The Fifth Circuit ruling — which for the time being applies only in Texas, Mississippi, and Louisiana — is right up there with Claudius. It takes the Bruen decision — bad enough on its own — into unimaginable waters. Thomas found that the benefits of the Second Amendment could not be denied to “responsible and law-abiding citizens.” Rahimi, by his conduct, is clearly not either of those, and Judge Wilson readily acknowledged that. But to strip Rahimi of his broadly construed Second Amendment rights, Wilson argued, constituted the first step of a very slippery slope.

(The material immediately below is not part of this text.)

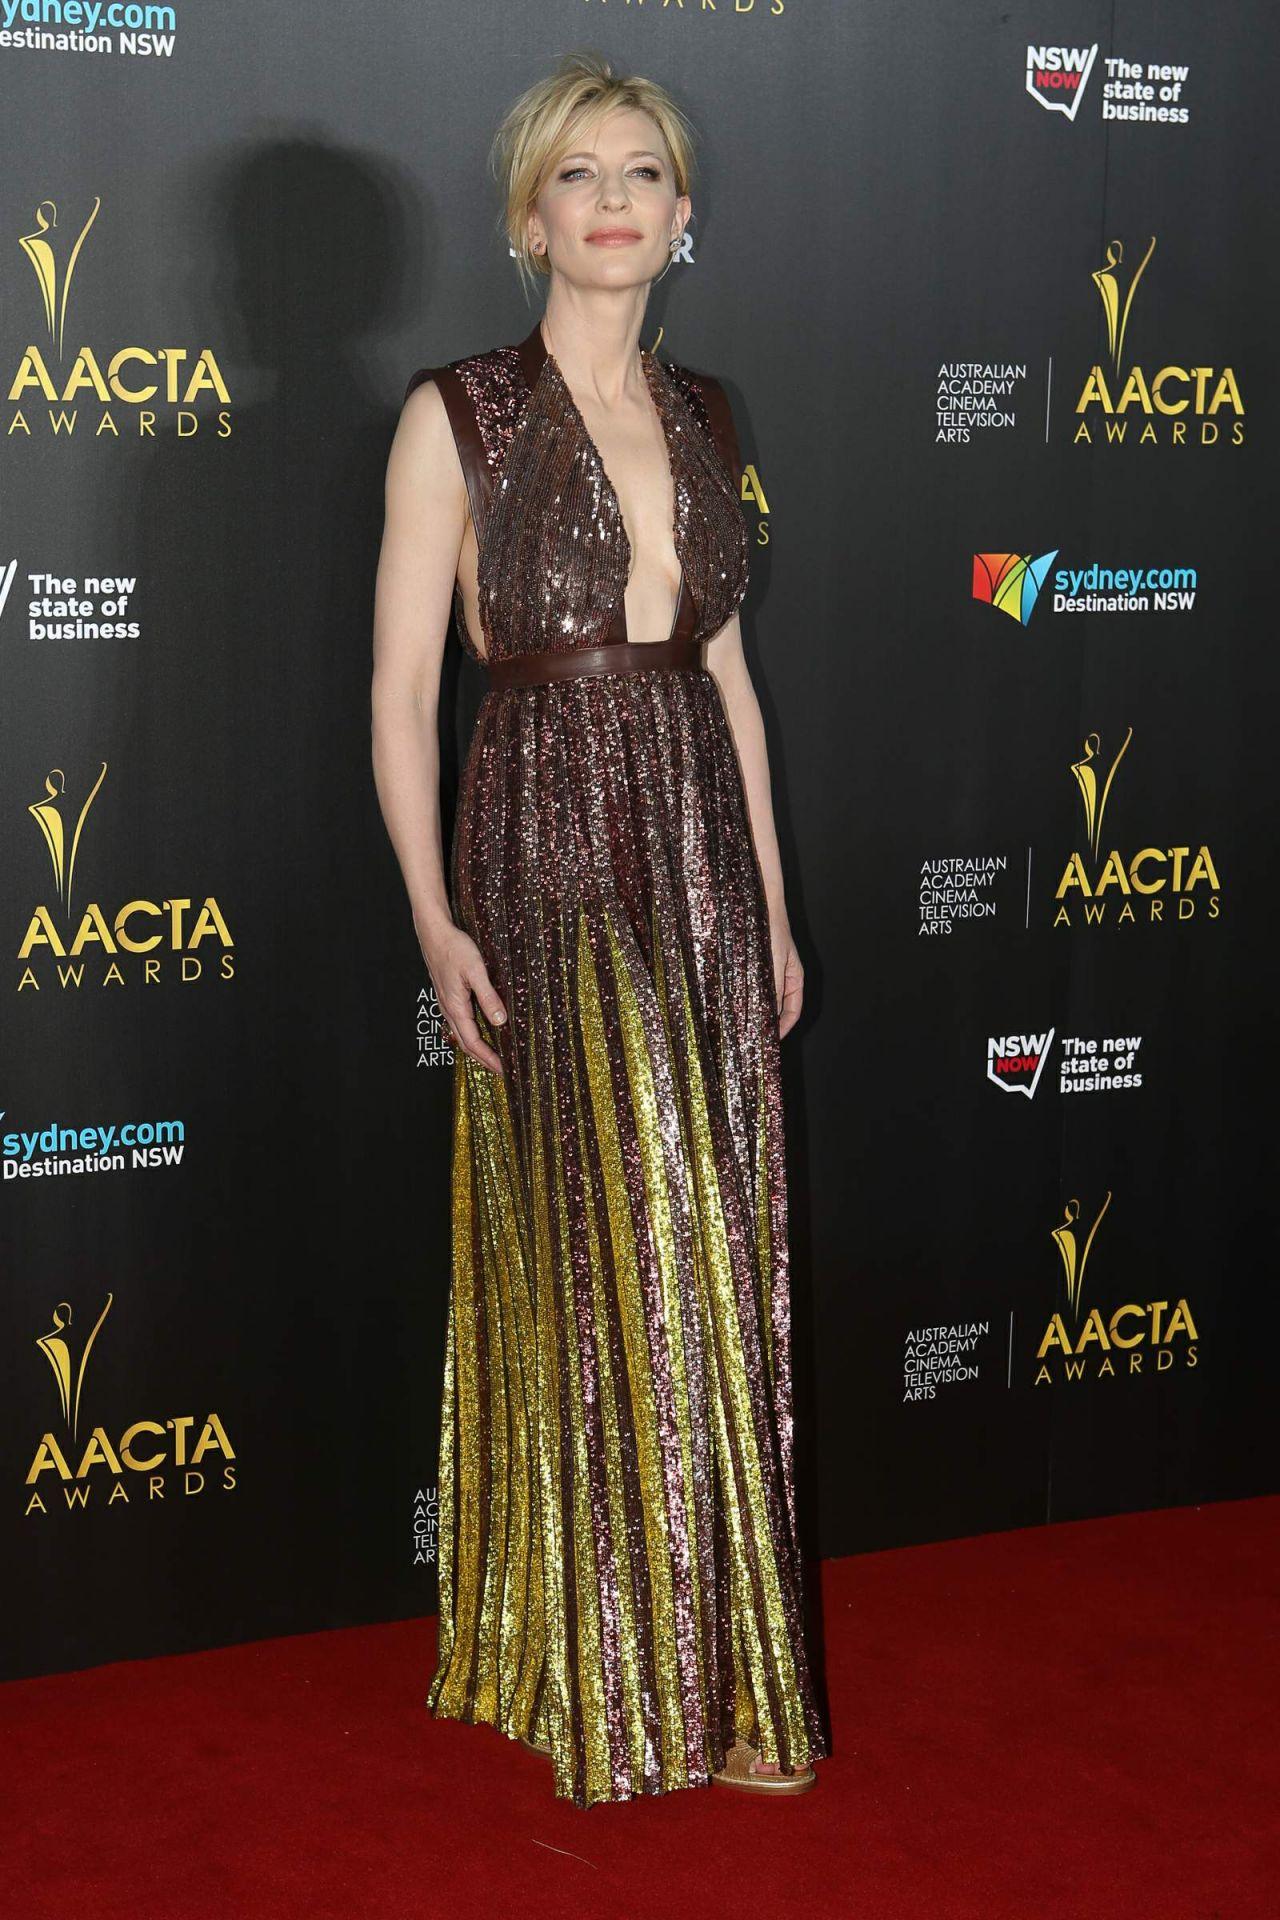 aacta awards - photo #28

“Could speeders be stripped of their right to keep and bear arms?” he asked. “Political non-conformists? People who do not recycle or drive an electric vehicle? One easily gets the point.”

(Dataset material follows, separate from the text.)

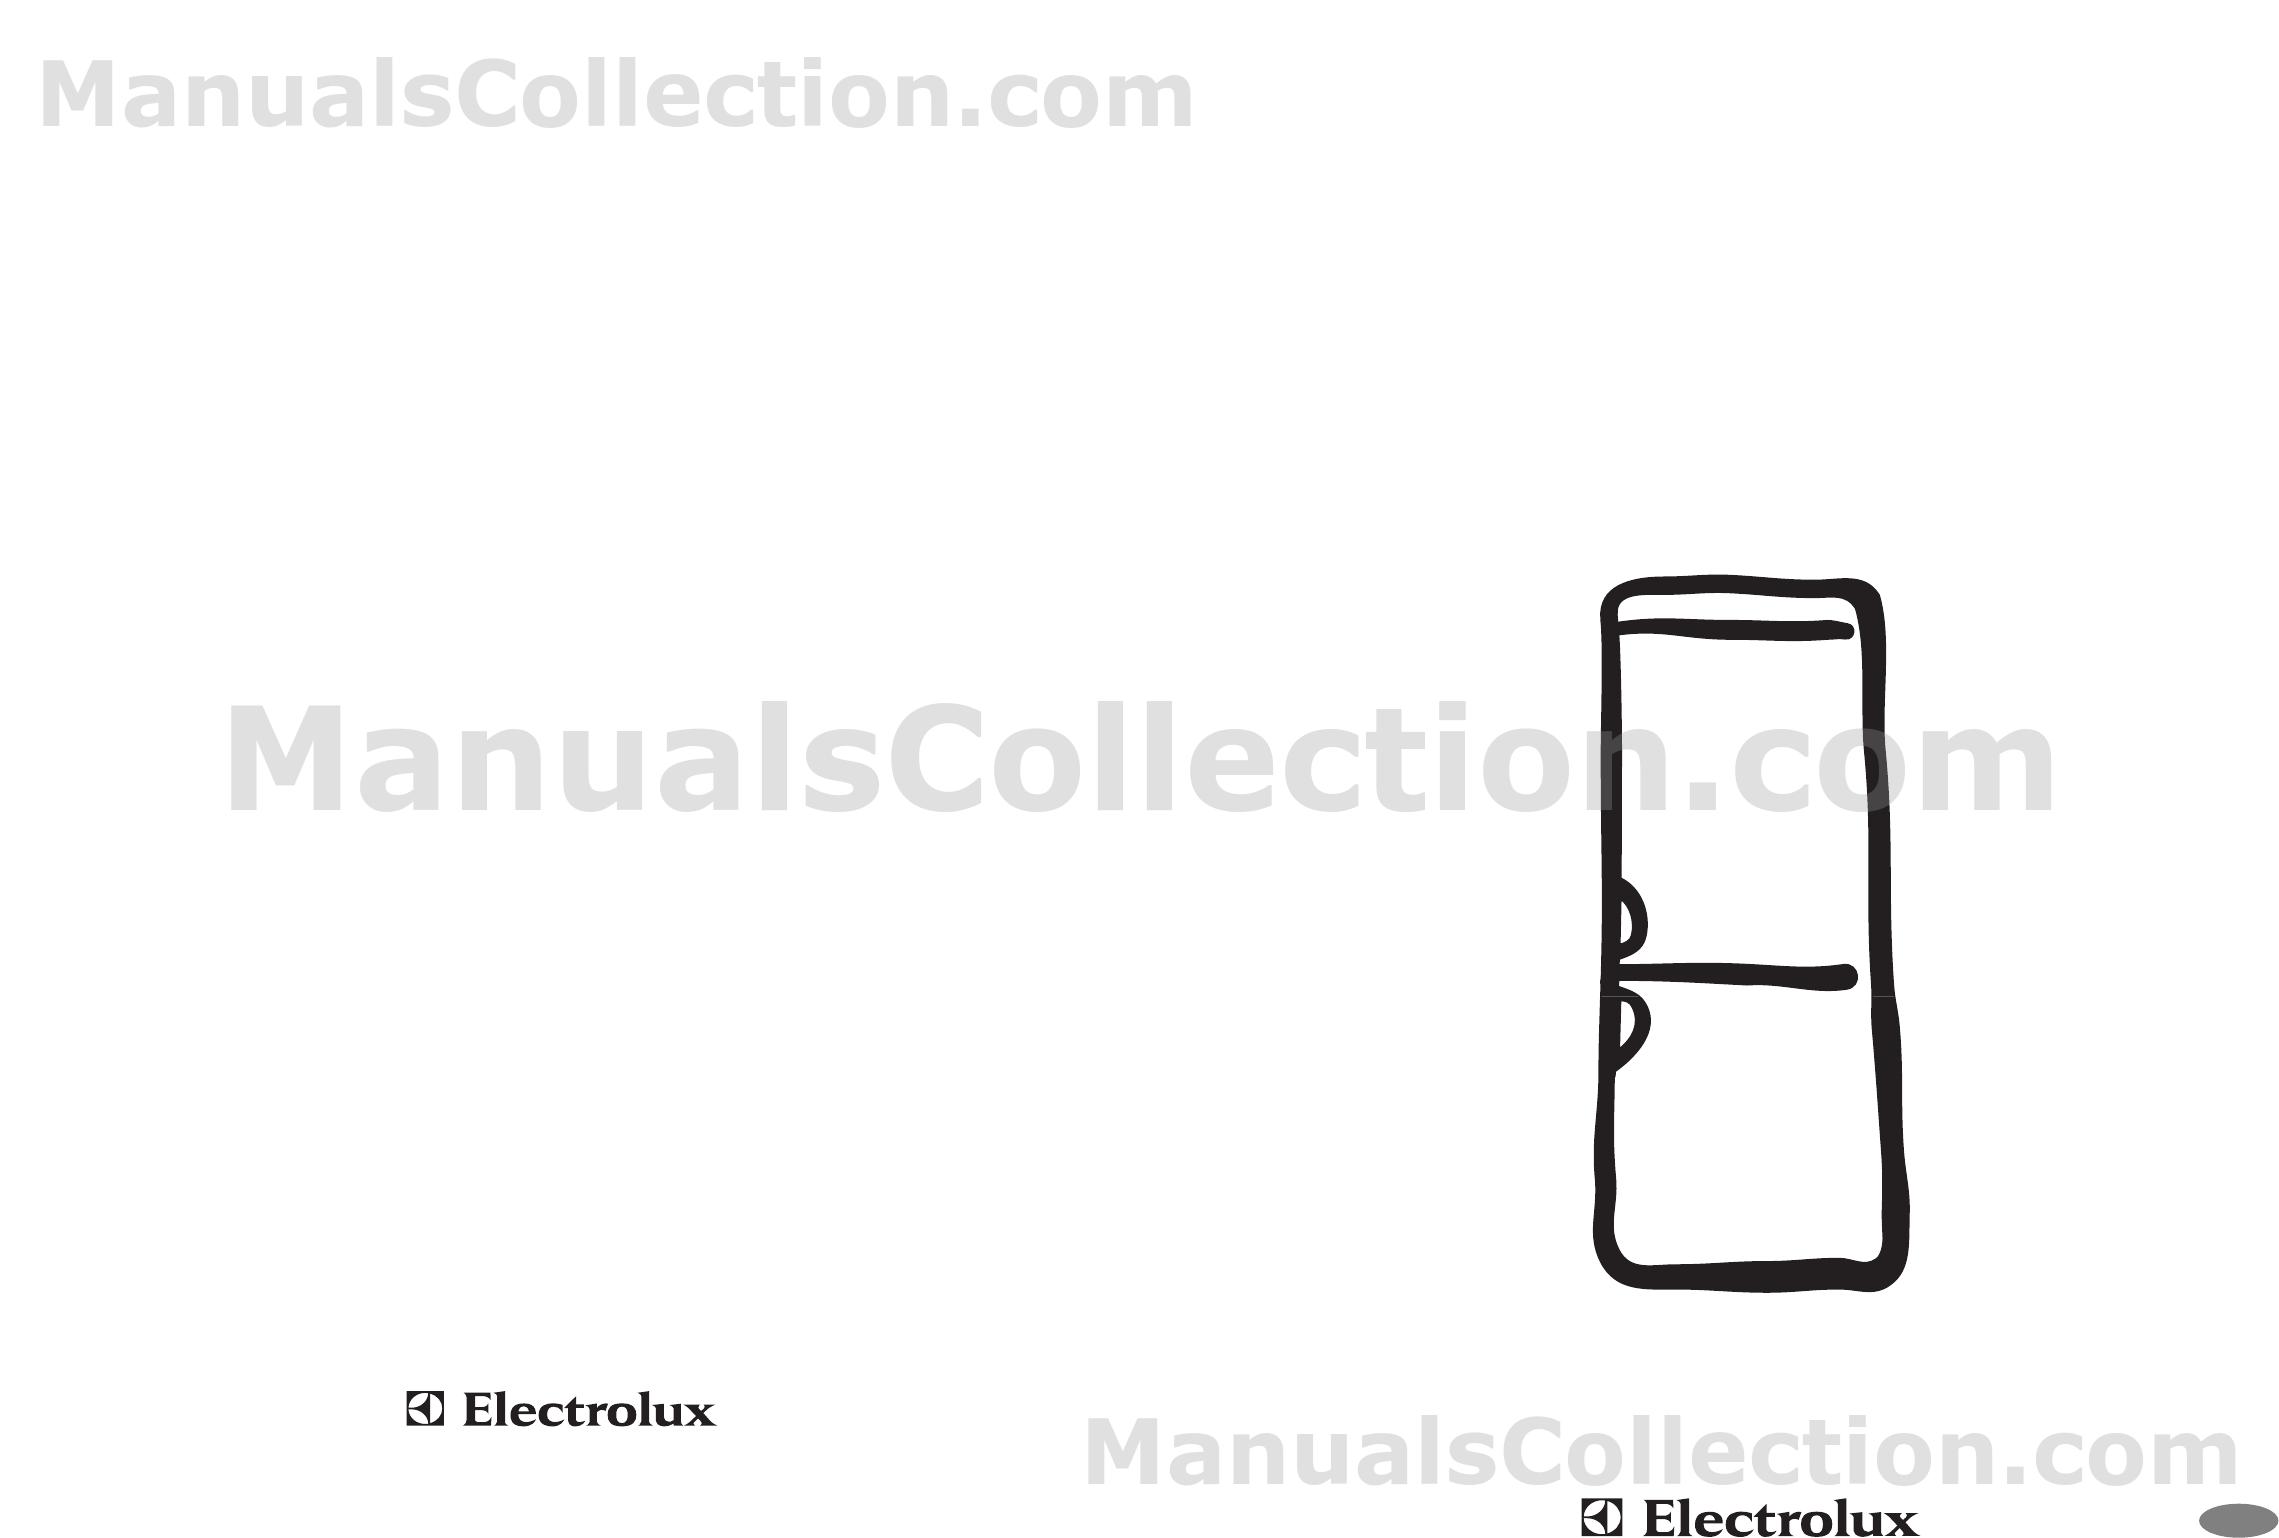 Electrolux ER7831B Manual (Svenska)

Yes, Judge Wilson has totally lost touch with reality. With 40 mass shootings in the first three weeks of the new year and no indication the pace is slacking, we can all get used to not knowing for whom the flags are flying half-mast. VI Lenin used to chortle that members of the capitalist class could be counted on to sell the very rope with which they would eventually be hanged. I’d say we’ve taken it one step further. 

As long as the Supreme Court insists that access to guns will be determined by historians, we all might need to invest in bulletproof vests. The historical record is inherently subjective. For example, Judge Wilson discovered that in three of the 13 original colonies, rules existed that limited the right to bear arms for people deemed a potential threat. But just three, he concluded, was not enough. The historical record lies always in the eye of the beholder.

There’s reason to think the Rahimi ruling will be overruled, but Bruen could be used to invalidate the Red-Flag emergency gun restraining order law that Congressmember Salud Cabajal got successfully inserted into last year’s federal gun-control package. This allows authorities to seize weapons held by people a court has ruled are potentially unstable. In the past three years, 102 guns have been judicially removed from 44 people determined to be volatile within Santa Barbara city limits. The federal law sets aside $750 million to cover the costs of state and local implementation. To date, California — which already has such a law — has received $29 million.

In the meantime, does that Glock make your ass look fat?

Most definitely, it does.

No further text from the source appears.